What the task requires
Line by line, output everything from the one that contains "penn state hintz" through the end of the material below, exactly as written and with no pictures.

Given material
^^^^
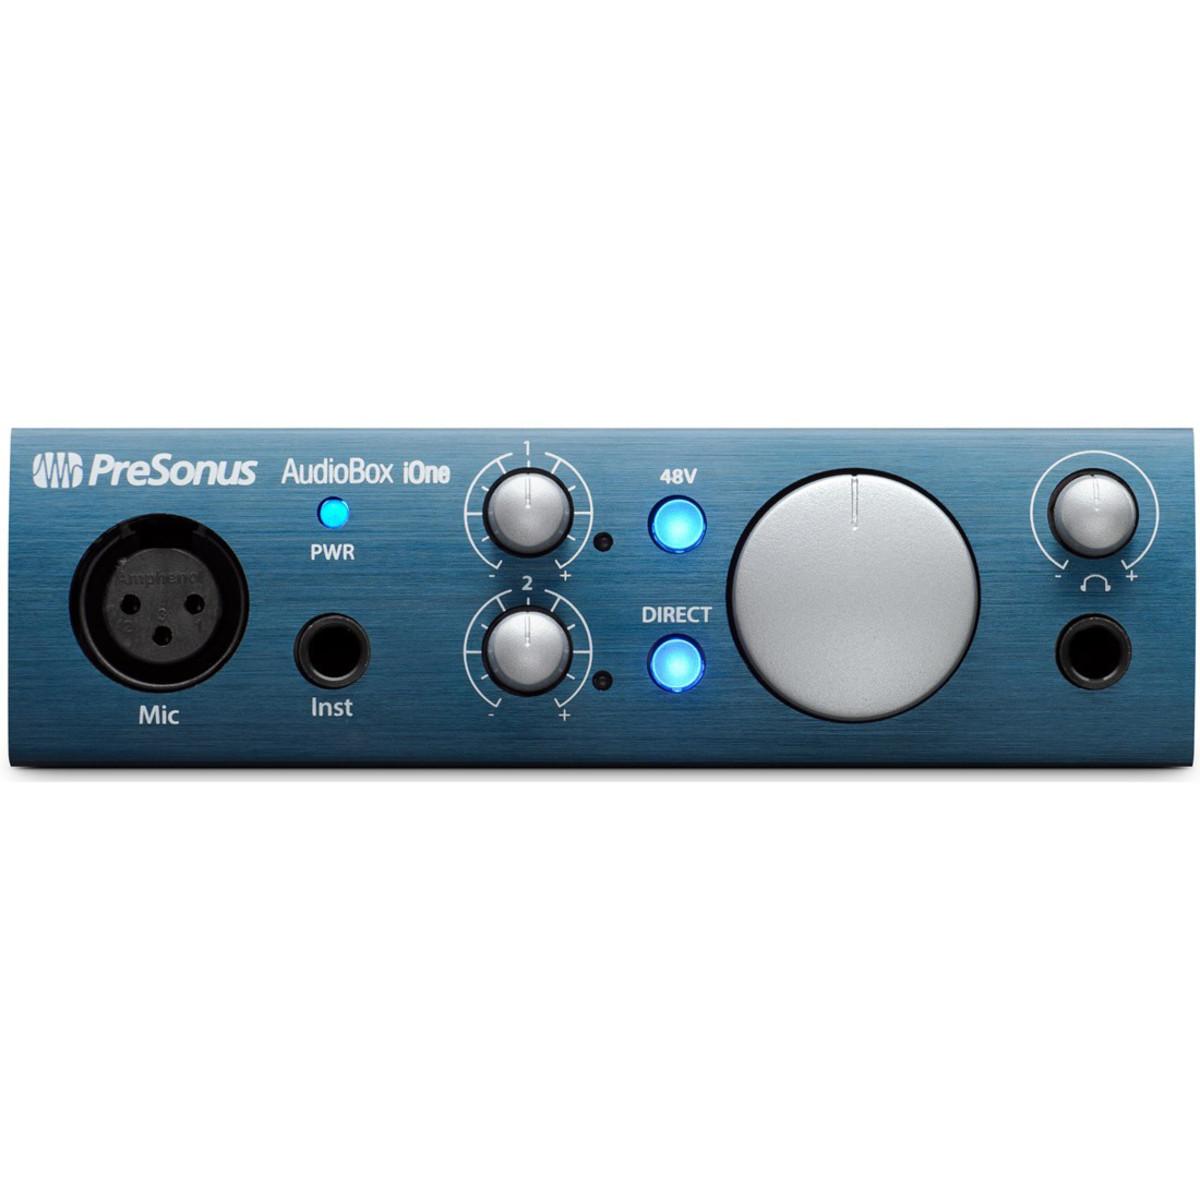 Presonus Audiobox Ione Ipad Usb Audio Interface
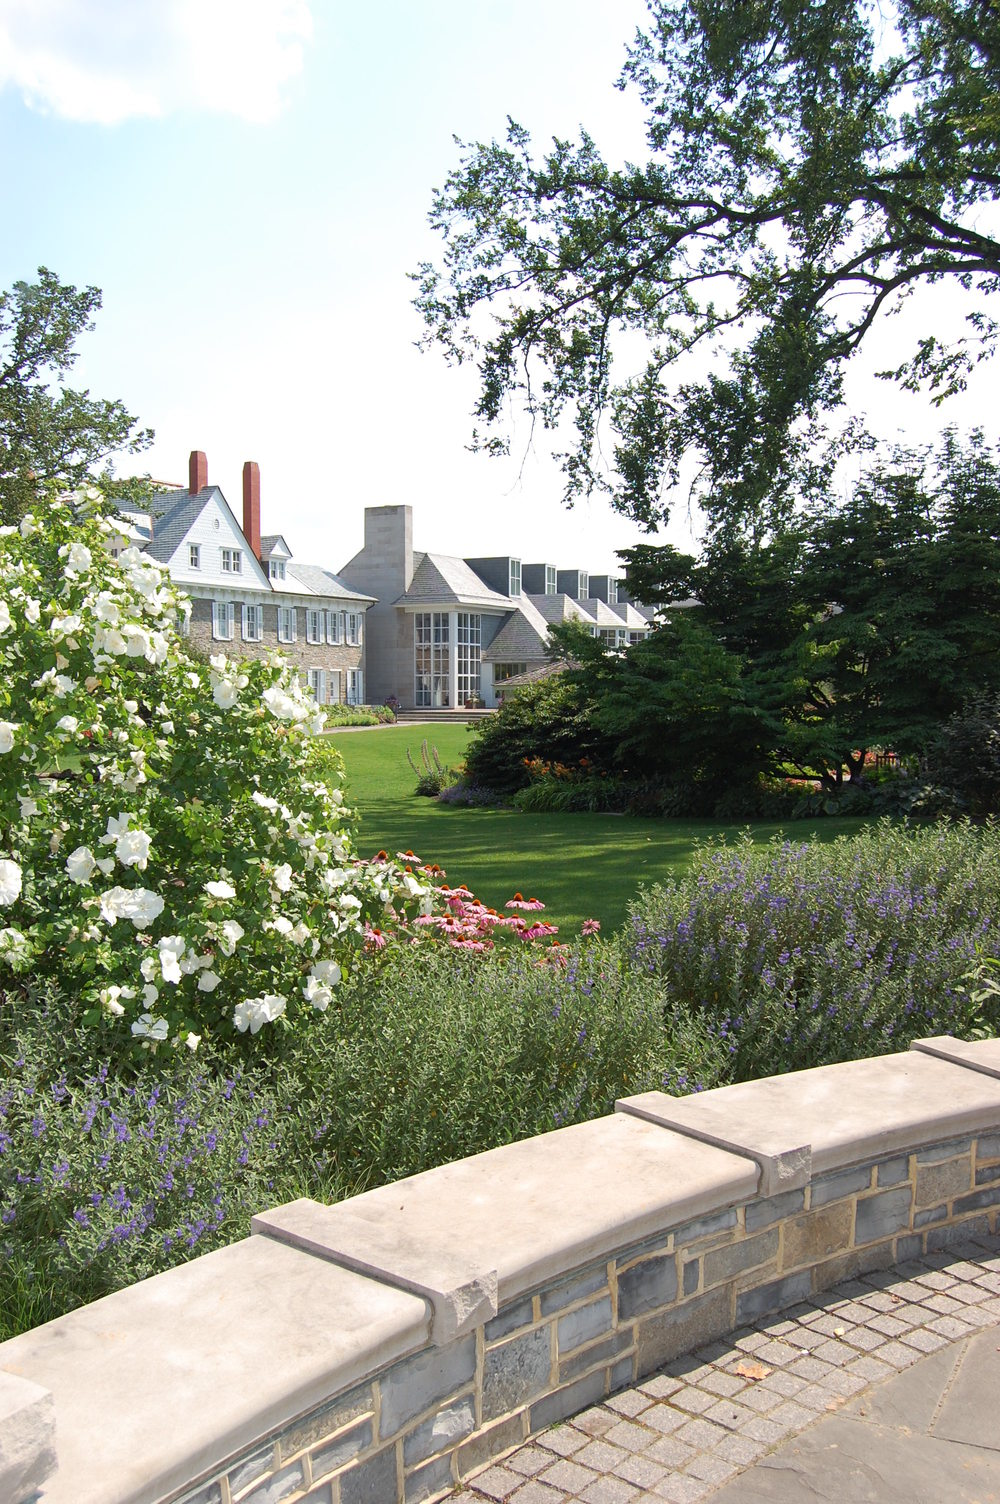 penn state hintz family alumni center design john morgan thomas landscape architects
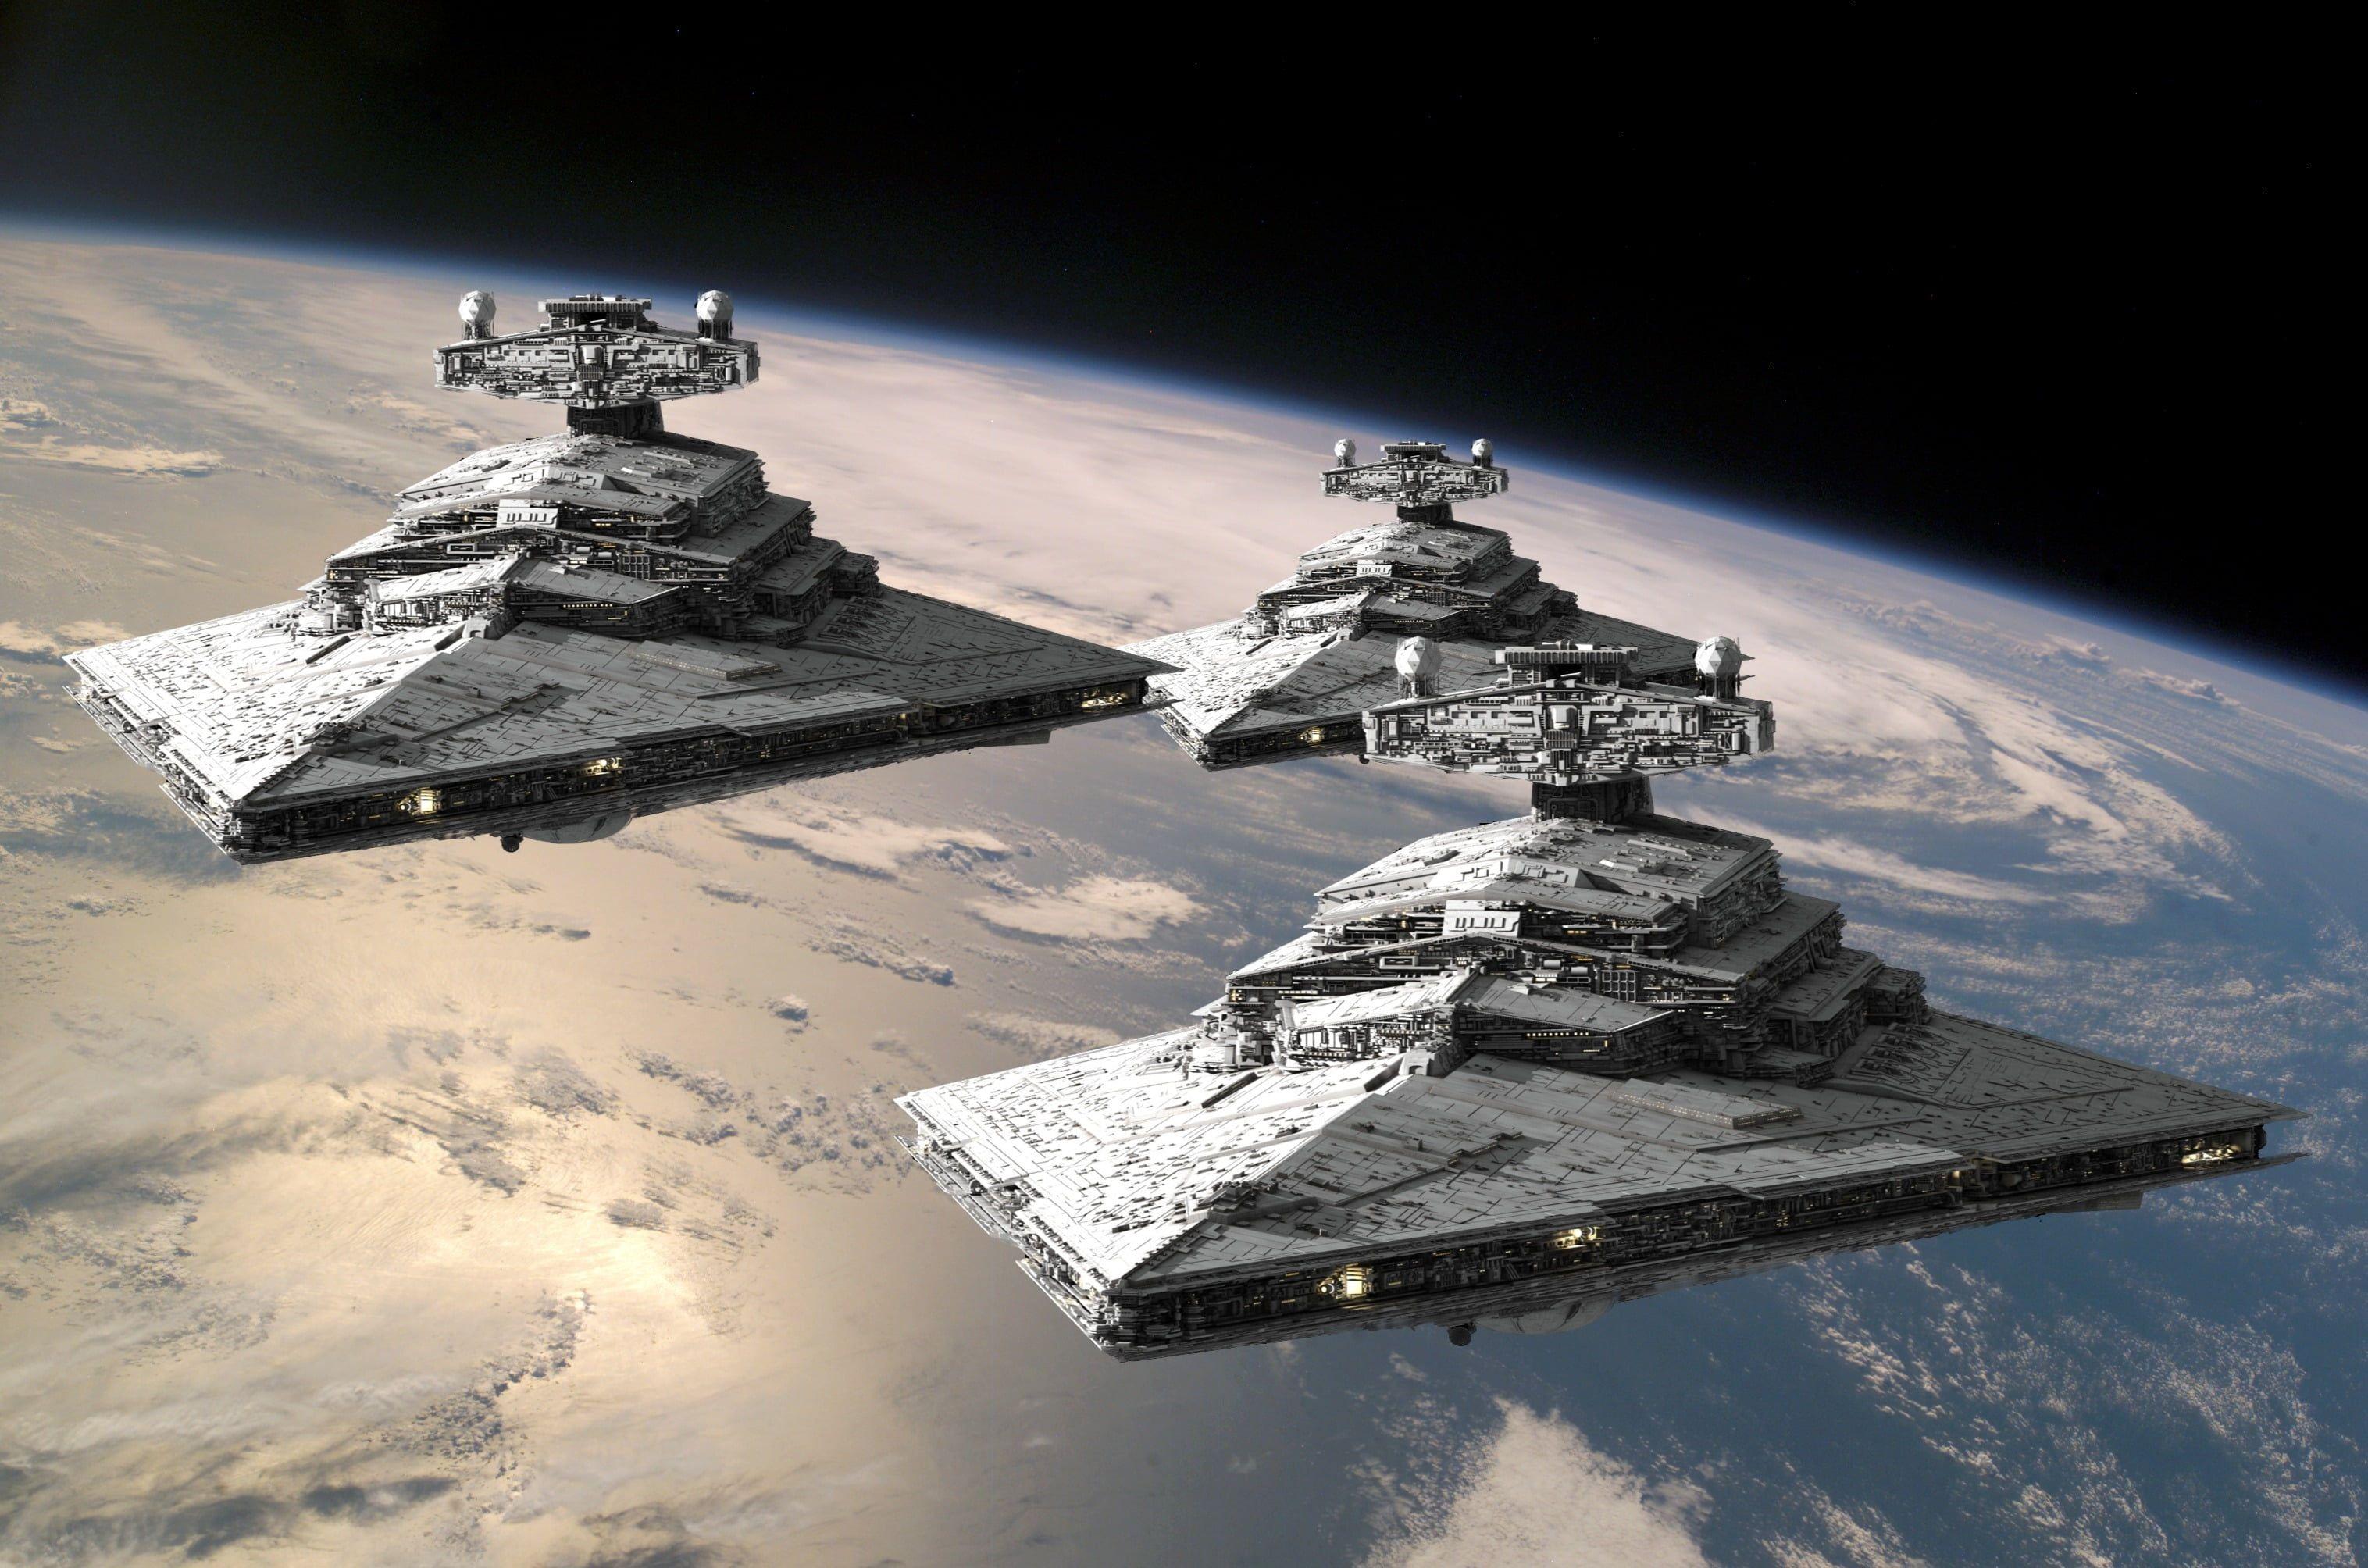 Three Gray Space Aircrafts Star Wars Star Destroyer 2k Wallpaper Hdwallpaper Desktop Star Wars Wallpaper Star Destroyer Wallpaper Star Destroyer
^^^^
Your solution
 penn state hintz family alumni center design john morgan thomas landscape architects
 Three Gray Space Aircrafts Star Wars Star Destroyer 2k Wallpaper Hdwallpaper Desktop Star Wars Wallpaper Star Destroyer Wallpaper Star Destroyer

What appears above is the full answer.